Symposium Honors Law Prof. Patricia Williams

By
Gary Shapiro
March 21, 2013

After completing her 1991 autobiographical book The Alchemy of Race and Rights, Patricia J. Williams faced a dilemma. The Library of Congress wanted to catalog it under “Afro-Americans—Civil Rights” and “Law Teachers,” while she asked her editor at Harvard University Press to press for “Autobiography,” “Fiction,” “Gender Studies” and “Medieval Medicine.” She didn’t get everything she wanted but the final classification for the boundary-crossing book included multiple headings, including “Feminist Criticism” and “Race Relations.”

The many ways of categorizing Williams’ work, which straddles the lines between journalism, political science, memoir and the law, were a frequent theme at a daylong symposium March 1 devoted to her scholarship. The program was sponsored by Columbia’s Center for Gender and Sexuality Law.

“Most legal scholars tend to be more hedgehogs than foxes,” said the center’s director, Katherine Franke, alluding to a famous distinction by British philosopher Isaiah Berlin. “They tend to burrow deep into an area of law rather than bring their intellectual talents to bear on a range of social problems or diverse disciplinary locations.” Williams was a clear exception, she said.

The James L. Dohr Professor of Law, Williams brings experience from inside and outside the academy to her writings on discrimination, identity and public policy. A graduate of Wellesley and Harvard Law, she practiced for a time as a deputy city attorney in Los Angeles and consumer advocate at Western Center on Law and Poverty before chucking the law entirely to pursue a Ph.D. in English literature. She joined the Columbia law faculty in 1992, earning a MacArthur “genius” award eight years later.

Throughout the day, speakers offered examples of how Williams has pioneered a genre of legal writing that uses personal narrative to examine the complex relation between law and society. “Her arguments don’t always draw from the familiar tools of the legal trade—rationality and logic, objectivity and detachment, rules and precedent—rather, her special craft relies equally on anguish and self-doubt, indignation and rage, particularity and the personal,” Franke said, adding that Williams’ “work makes an argument about the gap—sometimes an abyss—between law and justice.”

Williams’ work has been fundamental to critical race studies, which calls into question the notion of the law as disinterested, neutral and color-blind. Anita Hill and Lani Guinier, both at the center of race and gender battles in the 1990s, described the power of Williams’ prose.

Now a professor at Brandeis University, Hill noted the way that Williams’ openness and willingness to talk about her personal experience draws in the reader. Guinier, a Harvard law professor, said that two decades later, she still vividly remembers a story Williams told of pressing her face against a SoHo shop window and pushing the buzzer to get in, only to have a teenage clerk say the store was closed, even though white shoppers were visible inside.

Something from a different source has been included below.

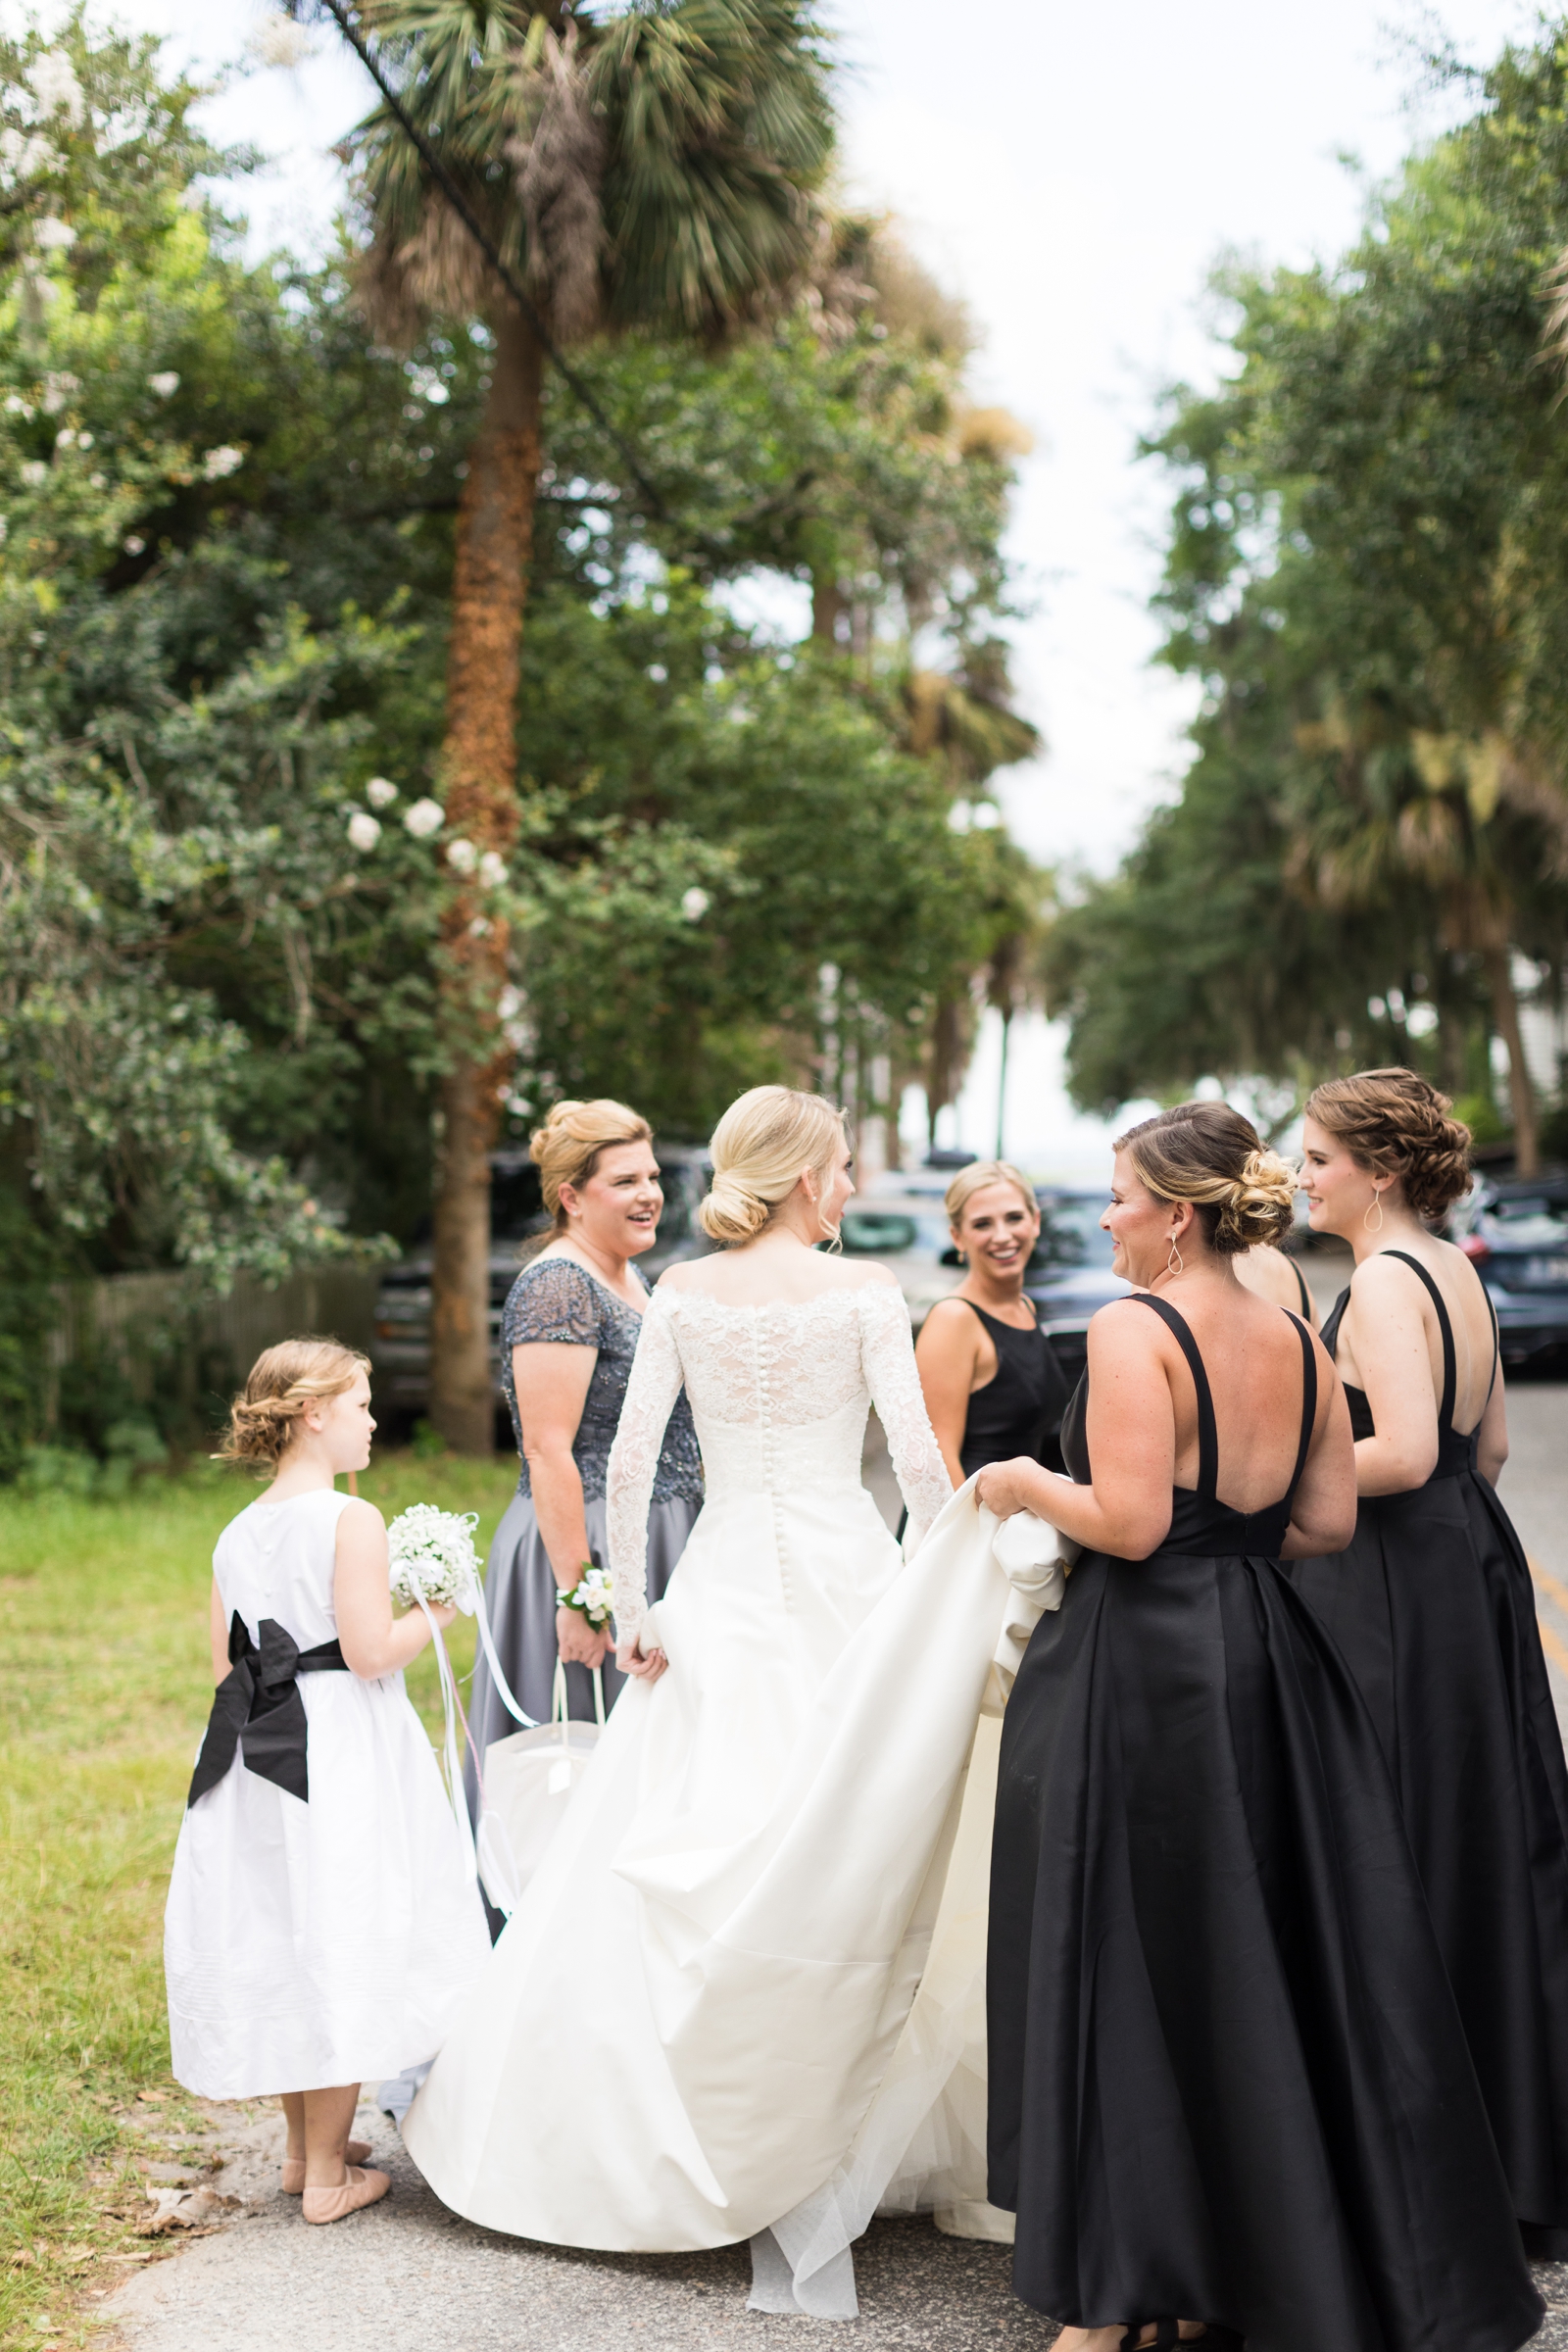 Dataw Island Club Wedding - Sydney Bruton Photography

Katrina vanden Heuvel, editor and publisher of The Nation, where Williams writes a regular column called “Diary of a Mad Law Professor,” sat in the audience holding Williams’ first column in the liberal journal, from 1997. In it, Williams muses about how Supreme Court Justice Antonin Scalia might have voted in Brown v. Board of Education as well as an East Harlem school using public funds to educate girls only. Both situations cause her to worry about the durability of racial justice.

Anna Deavere Smith, the acclaimed actress who teaches at New York University, performed two dramatic selections, one of which touched on Thomas Jefferson and his slave Sally Hemings. Smith got to know Williams at an arts showcase she founded. Audience member Bela August Walker (LAW ’03), a professor at Roger Williams University School of Law, recalled sleeping with a battered copy of The Alchemy of Race and Rights on her bedside table to serve as a reminder of why she came to law school.

In her own remarks at the end of the day, Williams spoke of the writing assignment while she was studying English literature that led to her famous essay, “On Being the Object of Property,” which involved how her great-great-grandmother was impregnated by her white slave owner, a lawyer.

Her professor at the time, Sacvan Bercovitch, who teaches American literature at Harvard, helped her land a book contract on the strength of that piece, which eventually became The Alchemy of Race and Rights, widely taught since its publication in 1991.

Paradoxically, Williams said, the book “that I wrote as an escape hatch from the legal profession ended up drawing me back into it as I became both hailed and assailed for being genre busting and quirky.”